- **Directions for this task**:
Do not include the pictures; repeat the rest of the data exactly.

- **Data block**:
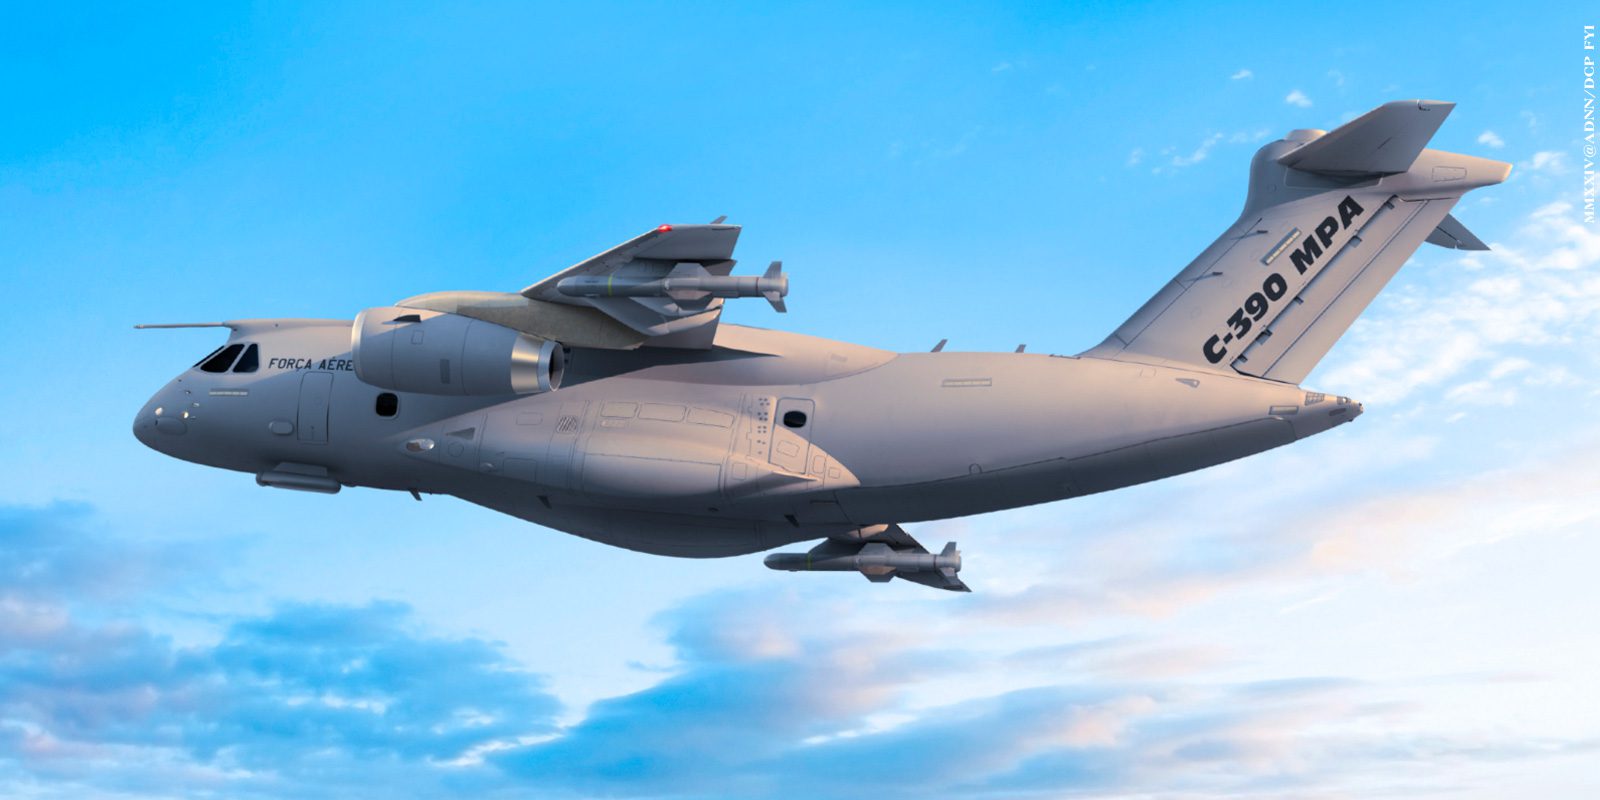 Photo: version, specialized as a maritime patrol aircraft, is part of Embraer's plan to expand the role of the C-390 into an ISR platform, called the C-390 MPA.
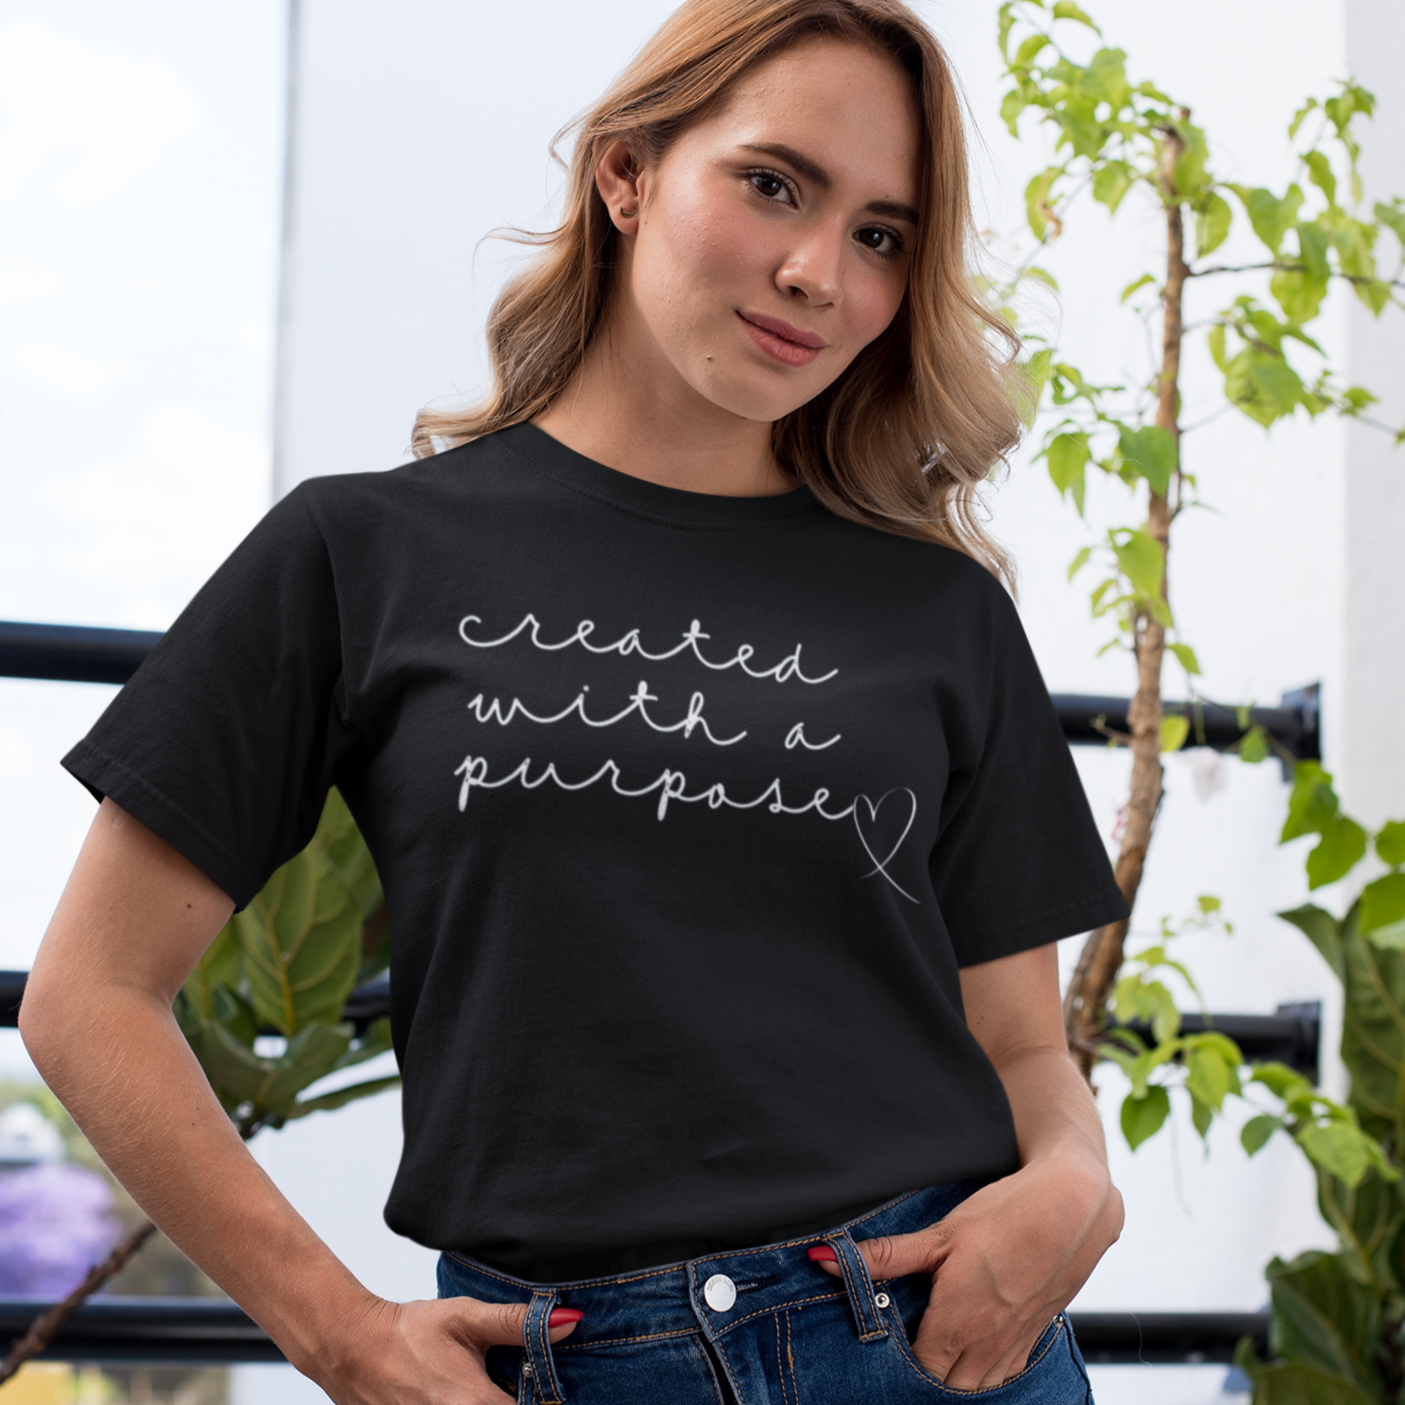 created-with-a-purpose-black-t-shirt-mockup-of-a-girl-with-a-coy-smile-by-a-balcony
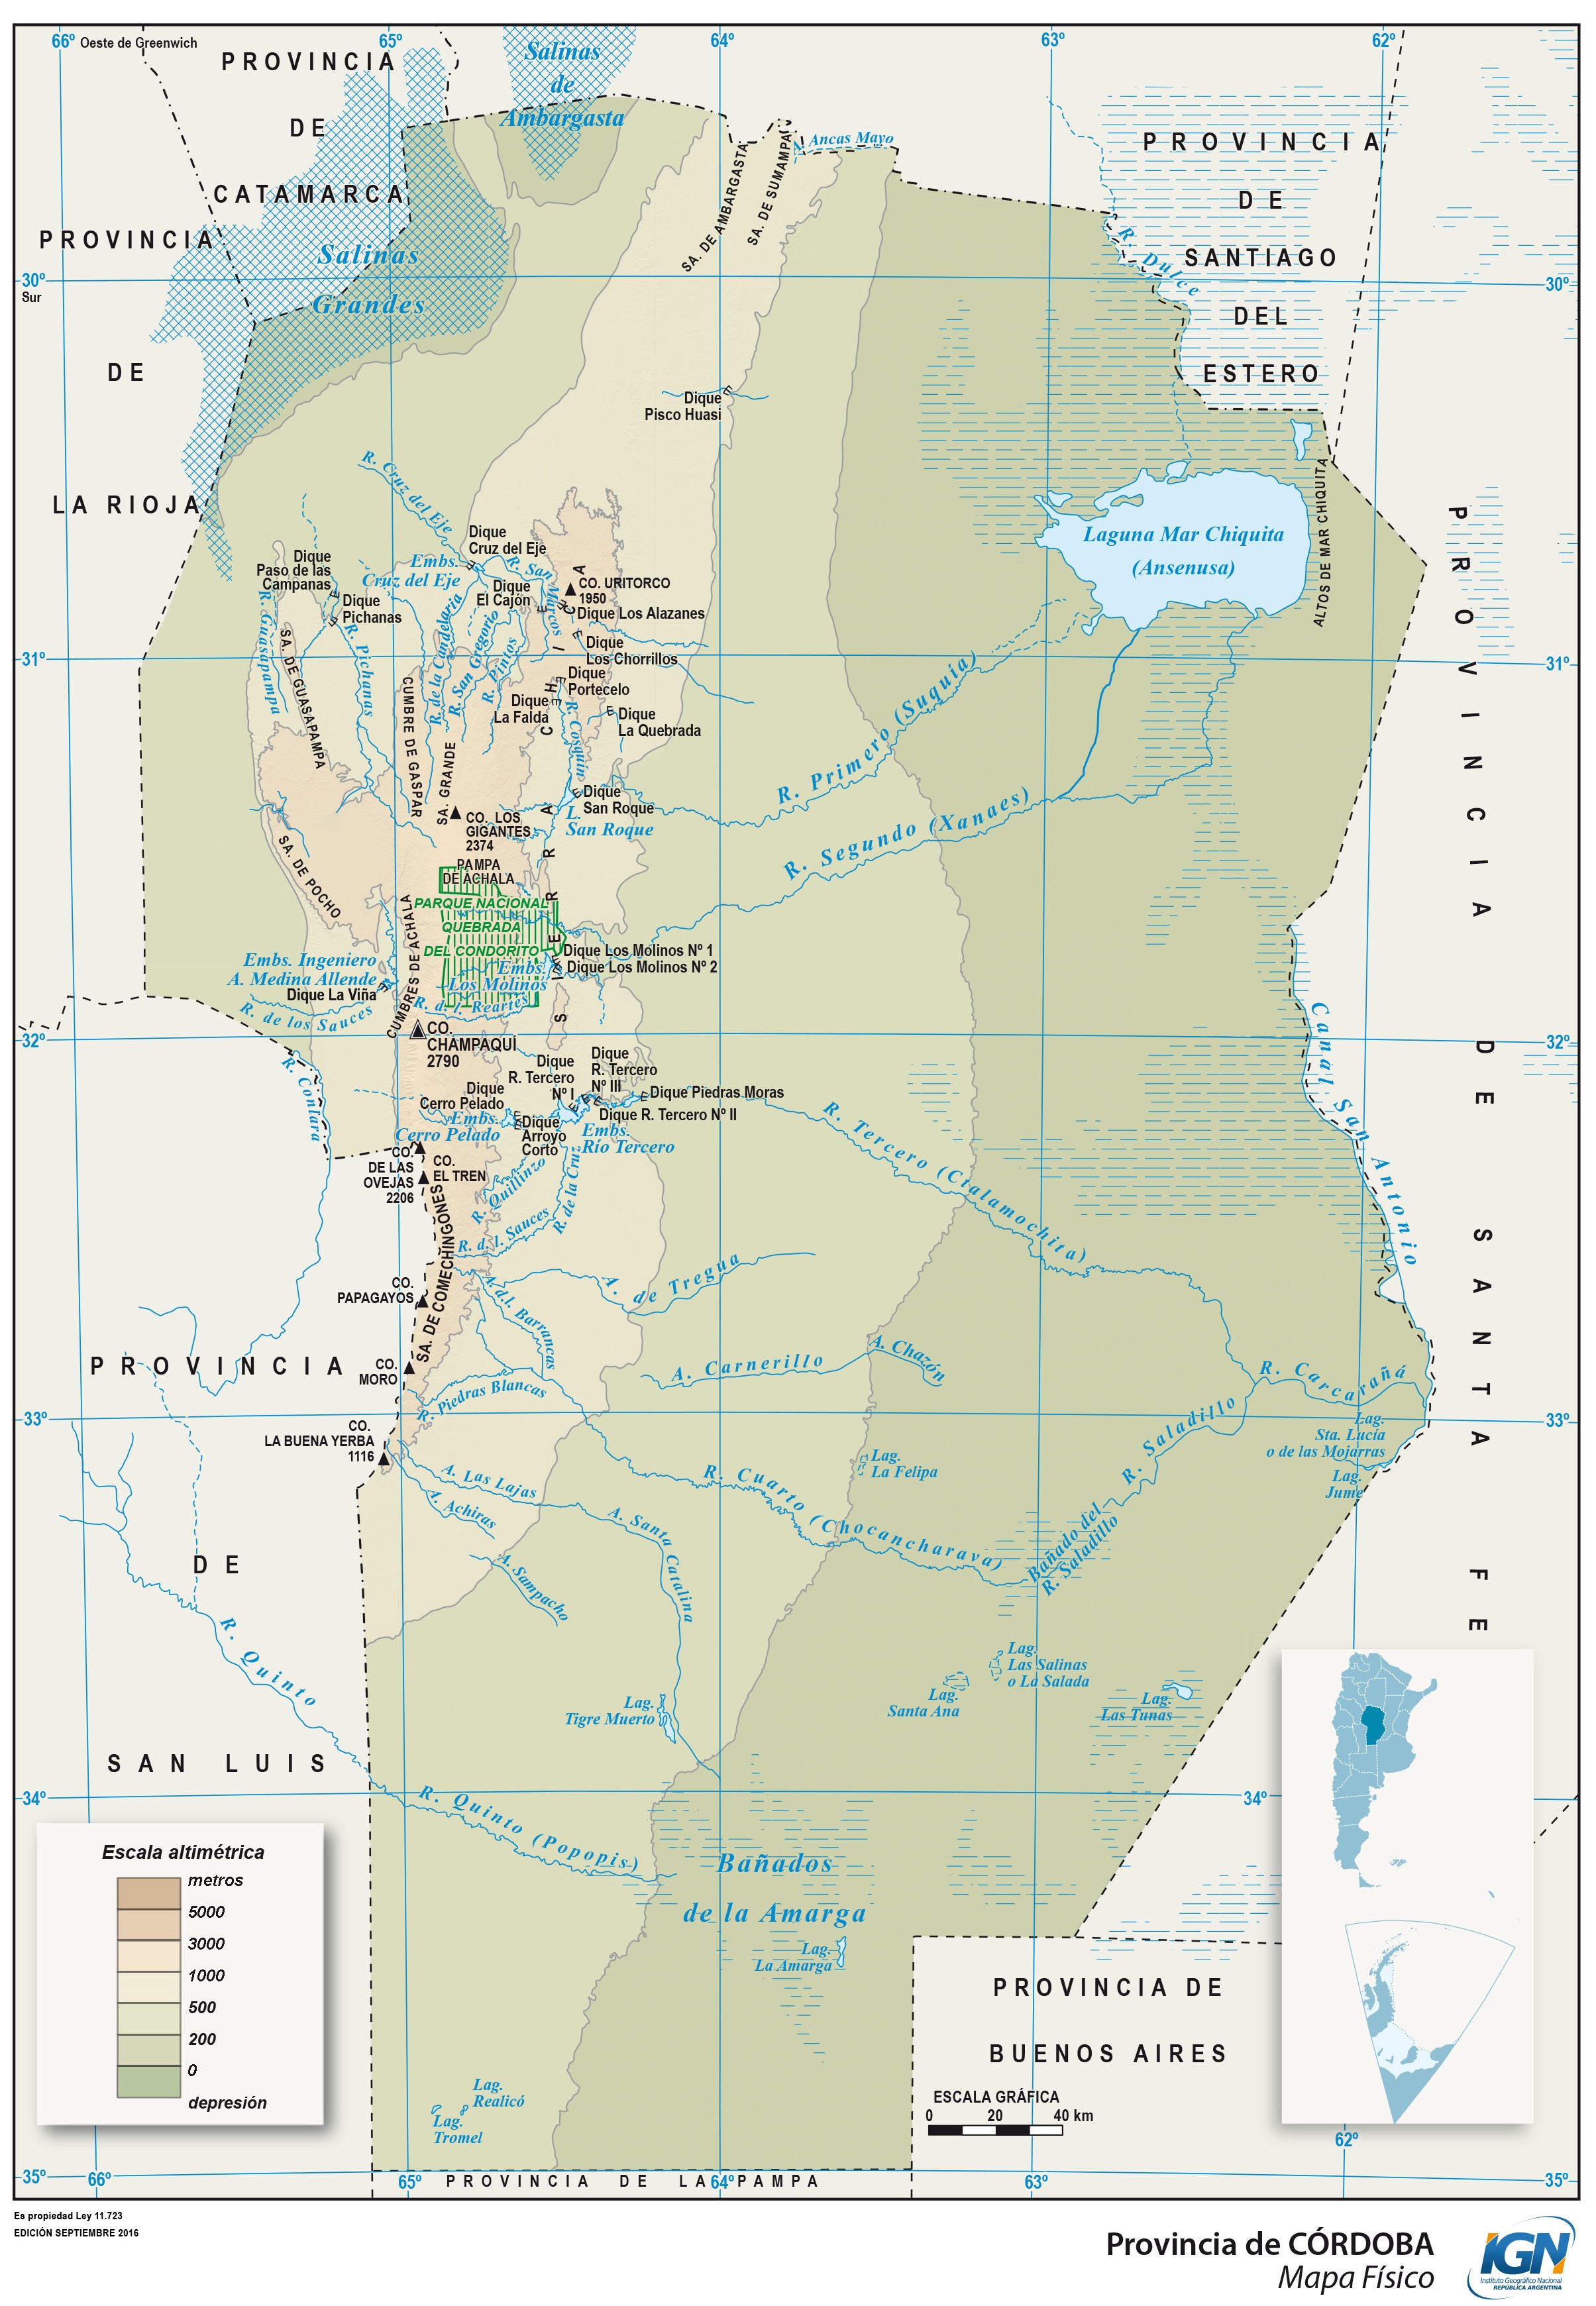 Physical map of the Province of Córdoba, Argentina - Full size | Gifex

- **Expected answer**:
 Photo: version, specialized as a maritime patrol aircraft, is part of Embraer's plan to expand the role of the C-390 into an ISR platform, called the C-390 MPA.
 created-with-a-purpose-black-t-shirt-mockup-of-a-girl-with-a-coy-smile-by-a-balcony
 Physical map of the Province of Córdoba, Argentina - Full size | Gifex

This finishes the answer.